Ah well, I'd like to thank those that have reviewed so far. I applaud your willingness to read this. Don't tell me that you've actually enjoyed this! Did you even realize it's taken 4 chapters to actually get Erik to finally say, "Okay, I'm willing to think about revealing my darkest secrets"? You people…But I love drawing things out, so if at any moment you get tired of the pace, do tell.
I may be the only person in the world to find this chapter particularly hilarious. I accidentally placed subtle hints of sarcasm in Erik's character. Oops.
A Gargoyle To Polish
The Daroga eyed me warily, sensing my attachment to the current subject of conversation. I shifted a bit, grumbling under my breath about how it was he that brought it up in the first place.
"Get your eyes off of the fireplace like it's about to suddenly disappear. Look at me, Erik," he said.
I did as he said, refreshing my mental image of him clothed in a rich red colored tunic. It contrasted nicely with his brown skin, giving off a mental reflection of the warm climate he had been born and raised in. Nadir's gaze had a false sense of calm about it, I had discovered over the years. Those brown orbs may appear to be bored but behind the initial layer, he was calculating every hitch in a breath and every muscle contracting to make a hand or leg move. He had only ever watched me with this intensity, never trusting me, poor Erik, to enjoy a simple afternoon of tea and talk.
Of course, I had the exact opposite problem with staring, I remembered as he had to momentarily lower his eyes. My bright eyes made no effort to hide their intent to dig through the mind of whoever was being viewed.
After a while (we two could go entire days without speaking, that's how closely we observed each other), Nadir cleared his throat and said, "Tell me about Christine."
I laughed, surprising even myself with the shrill cackle of obvious insanity.
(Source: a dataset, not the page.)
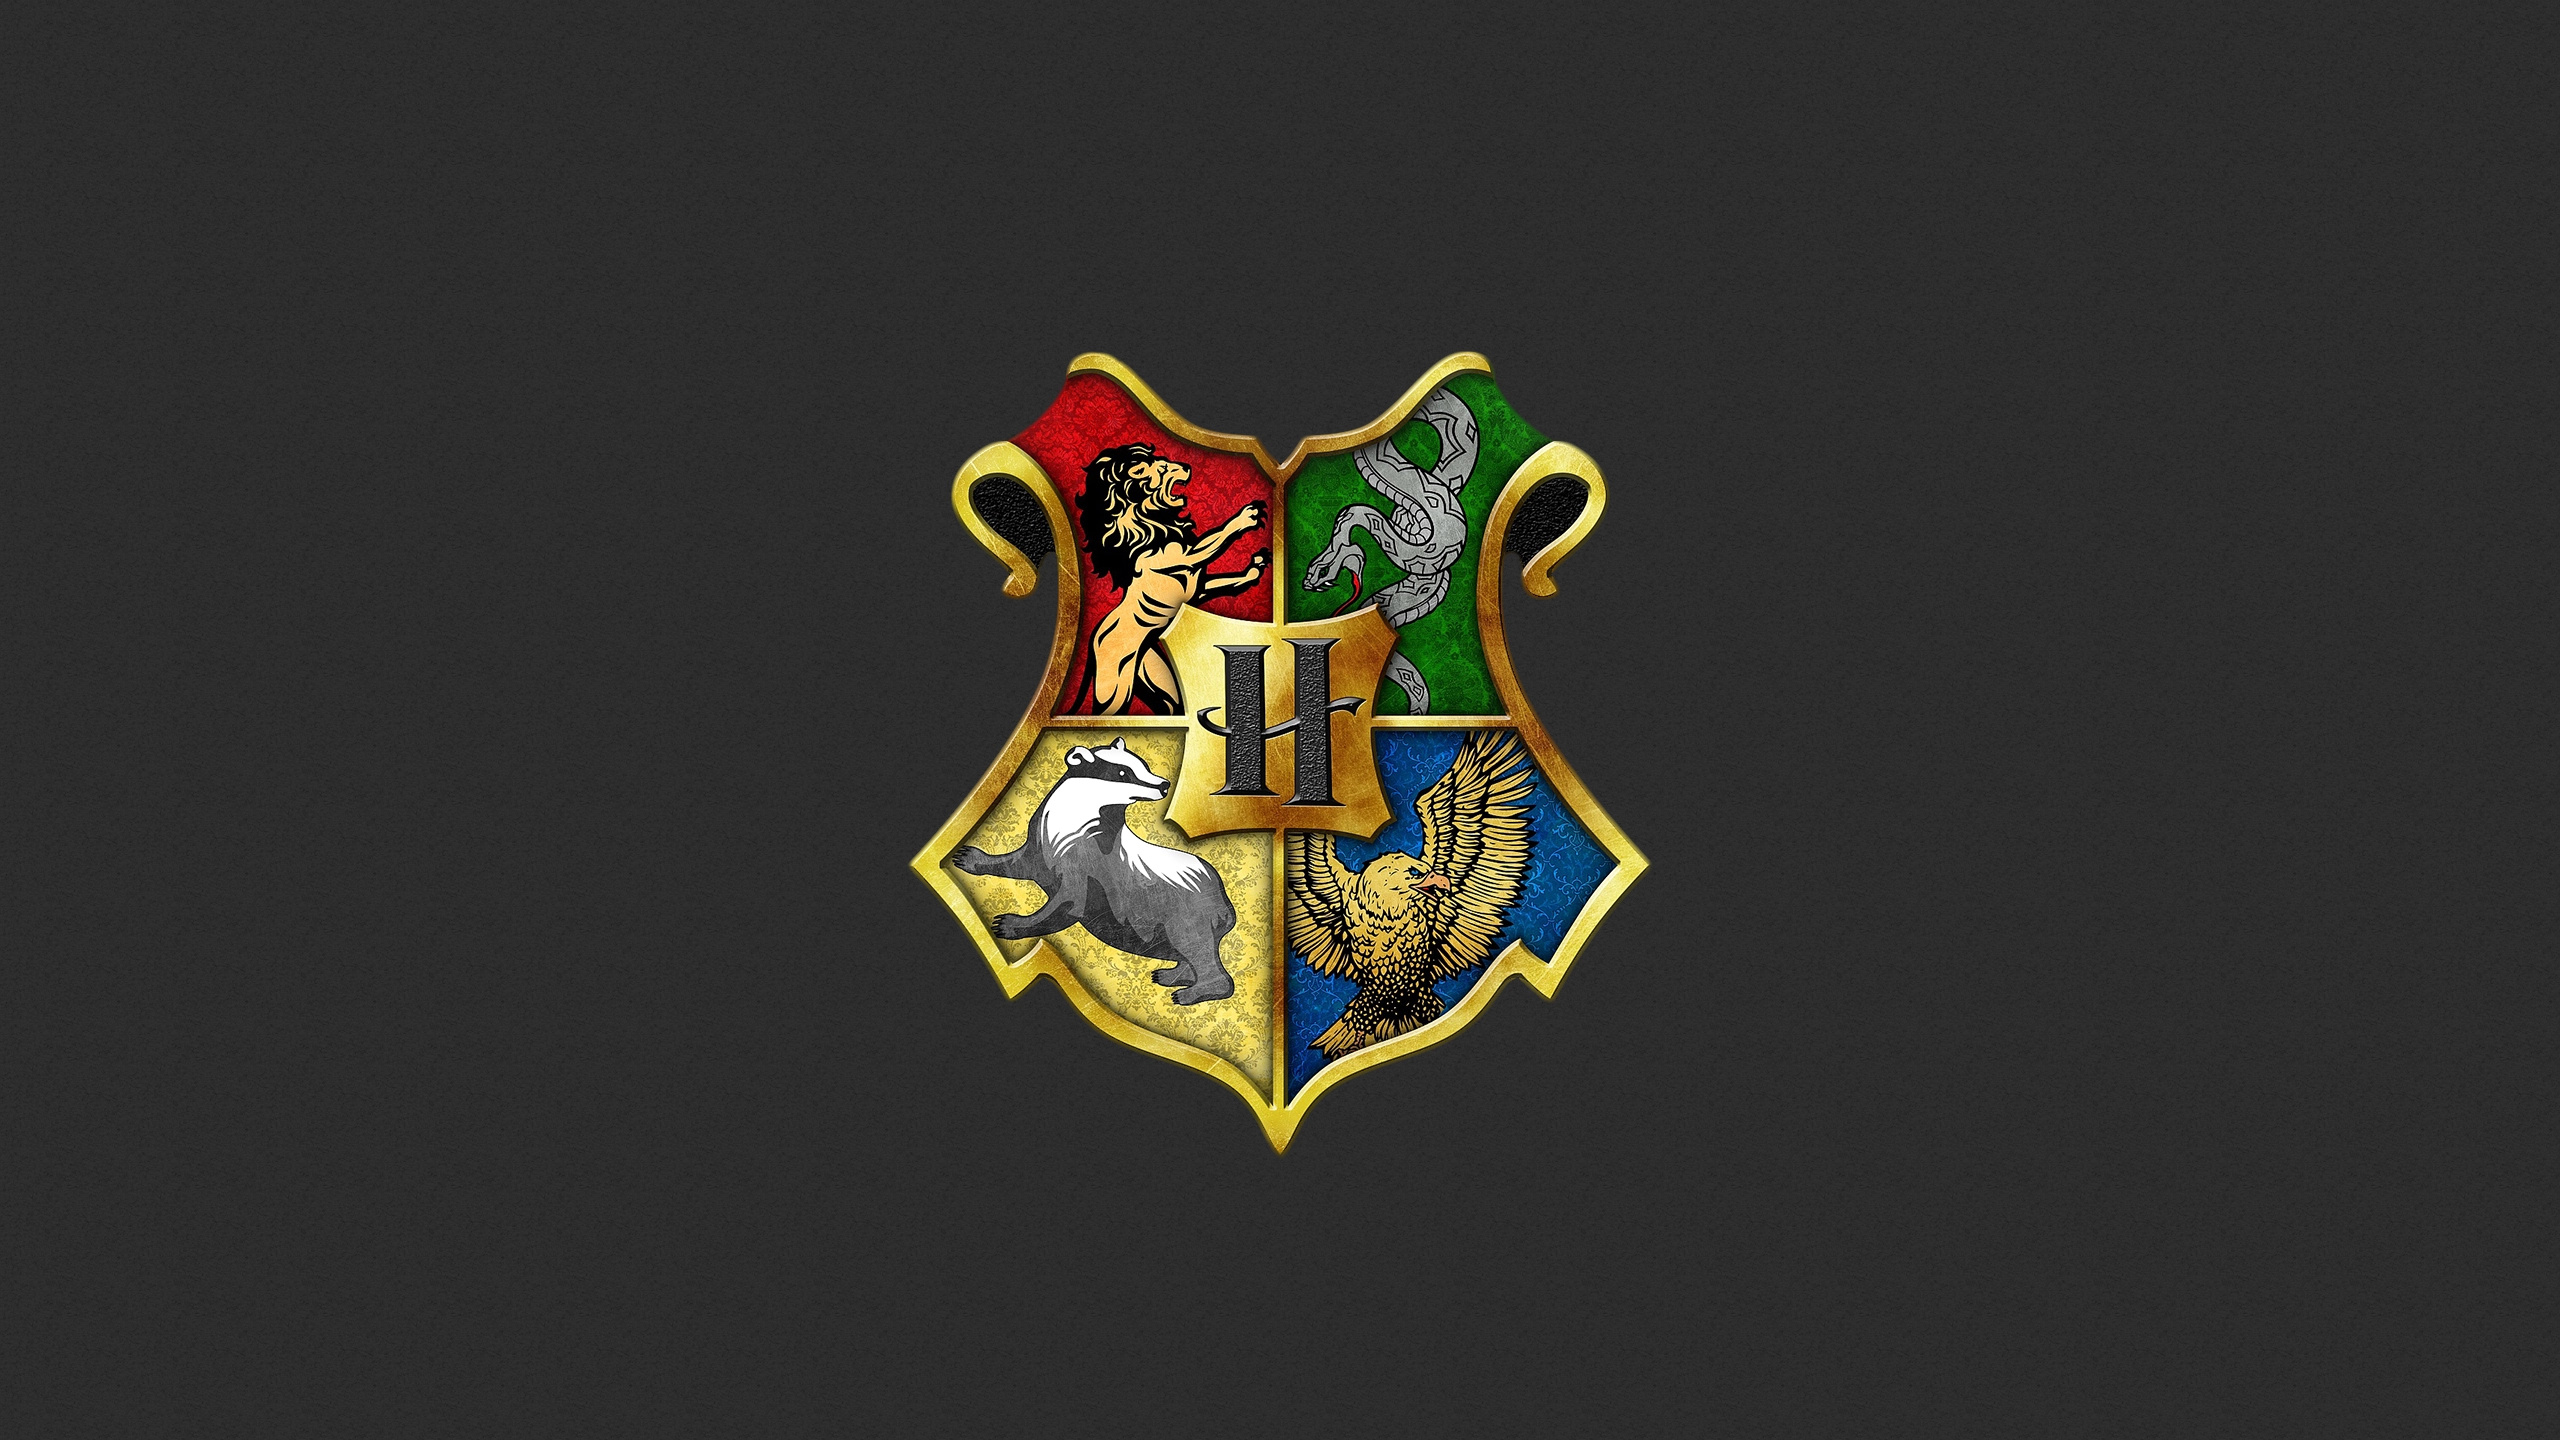 HD wallpaper, 2560X1440 Hd Desktop, Ravenclaw, House Badges, Slytherin, Desktop Hd Hogwarts Crest Wallpaper, Hufflepuff, Wallpaper, Gryffindor

It had been a very long time since I had laughed-even in mocking. "Do not play this game with me, Daroga."
"I'm playing no game. I simply want to know what is going on in your head."
"As if you didn't know what was going on before," I snapped. "You and that idiot boy had it all figured out before you fell into my chamber didn't you?" With practiced restraint, I managed not to go on and lose myself in another fury. Instead, I picked up my cup of tea and enjoyed the fading warmth of the liquid while I could. "Yes, mad Erik had gone off and kidnapped some poor girl to satisfy his baser needs, is this not what you had assumed?"
Nadir leaned back and ran a hand through his black hair. I noticed that it had long ago began the receding process and revealed more of his furrowed brow. I knew my presence could not be helping the situation.
"That is what I had assumed, yes. The vicomte made it quite clear that she was his fiancé-" I hissed "and that she would never return to you of her own free will."
"And of course, I could only take her for some monstrous reason. Surely I would only rid the poor innocent thing of her virtue and then kill her later. Am I right again?" My internal patience timer was ticking. In approximately two minutes, if the flow of speech didn't turn or cease completely, I would explode.
My companion looked truly depressed when he sighed and said, "I knew that you thought you loved her. I also knew how obsessed you could become. I could only predict the worse."
"Ah yes, you can only predict the worse of Erik. He is not on the same scale as other men."
"That is why I wish for you to tell me what was and is now going through your head. It is obvious that you are in some half-formed state of living. You are even thinner than I remember," he miserably joked.
I did not laugh.
This was it. My chance to clear the slate and to redraw the correct image of myself upon it. Of course, it would still be hideous-I was never to be anything other than that-but it would be the one without mar of lies or injustices. I could retrieve what little honor I had left and live the remainder of my life knowing I had defended it fiercely.
But would I take advantage of the miraculously placed chance? I was never one to seek pity or forgiveness from anyone other than myself and one other person. I knew this was all that the Daroga could offer and that the "one other person" would never be present in my life again.
"Daroga," I began, voice shaking with a sudden burst of emotion as I realized my previous thought. 'She will never be present in my life again.' Personally, I didn't want my companion to see me cry (what self-respecting man does?) but I could feel the tears coming with a vengeance born of years of being ignored. I pulled off my mask, careful to turn away from him. I heard him gasp and move.
"I am dying."
Nadir (why I go back and forth between Nadir and Daroga, I don't think I will ever be able to find out. With my twisted mind and all, I could never attempt to explain everything I'd ever done.) moved again and I heard his breath coming in my direction. He'd actually turned to face my hideousness, my words had surprised him so.
"Erik?"
I did not (and could not) reply, chocked on tears as I was.
"Erik?"
Why did the man have to push me? Did he not see that I was overcome with something at the moment? Let me have room and time to breath!
"Erik-"
"Damn it, Daroga! Give me time to be dramatic!" I roared, hardly feeling the humor painfully forced out of my throat.
But that was the truth wasn't it? There was exaggerated drama in every aspect of my life from where I lived, to what I wore, to how I interacted with people. I couldn't even fall in love like a normal person.